BA/Thank-Offering to Britain Senior Research Fellowship
Dr S C Greer
Reader in Law, University of Bristol
Interpreting the European Convention on Human Rights
The proposed study will examine the failure of the European Court of Human Rights, and the (recently abolished) European Commission on Human Rights, to resolve systematically several core issues raised by the European Convention on Human Rights: (a) the appropriate division of labour between the European Court of Human Rights and national parliaments, courts, executive and administrative institutions; (b) the relationship between Convention rights and each other; (c) the relationship between Convention rights and public interests; (d) when human rights standards should be harmonised in member states and national differences preserved.
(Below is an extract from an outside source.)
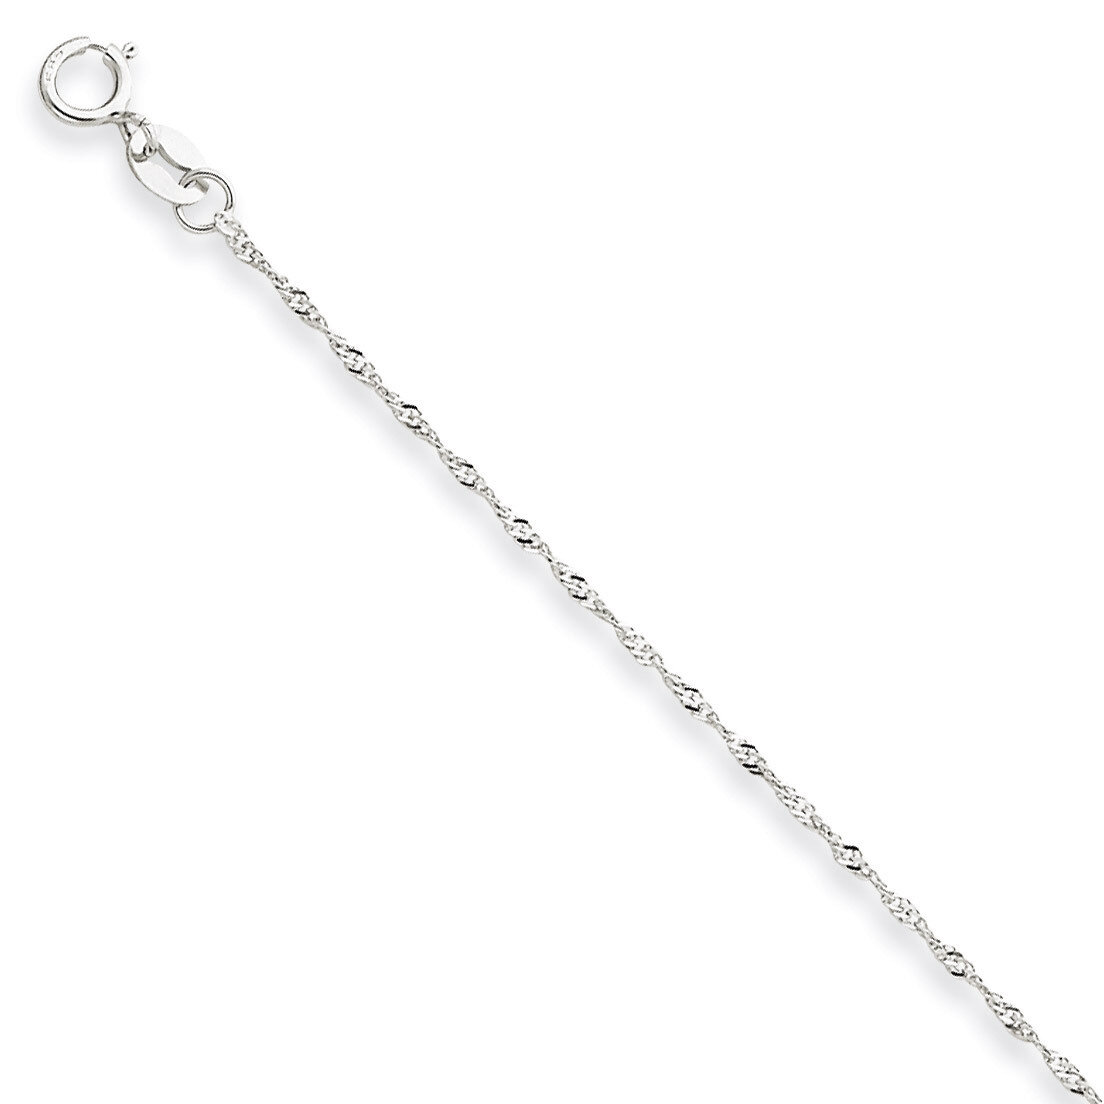 1mm Singapore Chain (CARDED) 18 Inch 14k White Gold 10SW-18

It will be argued that the current confusion can be traced to a single source - the haphazard way in which the Convention has been interpreted by the Strasbourg institutions. However, a more rigorous theory of interpretation, based on three constitutional principles - 'rights', 'democracy' and 'priority to rights' - is already inherent in the text and case law awaiting more deliberate articulation. If this model were applied more consistently it would enhance the credibility of some existing decisions, but undermine that of others. However, it would also offer a solution to the core uncertainties and would bring much greater coherence and authority to the Court's future decisions, particularly in the domestic law of member states.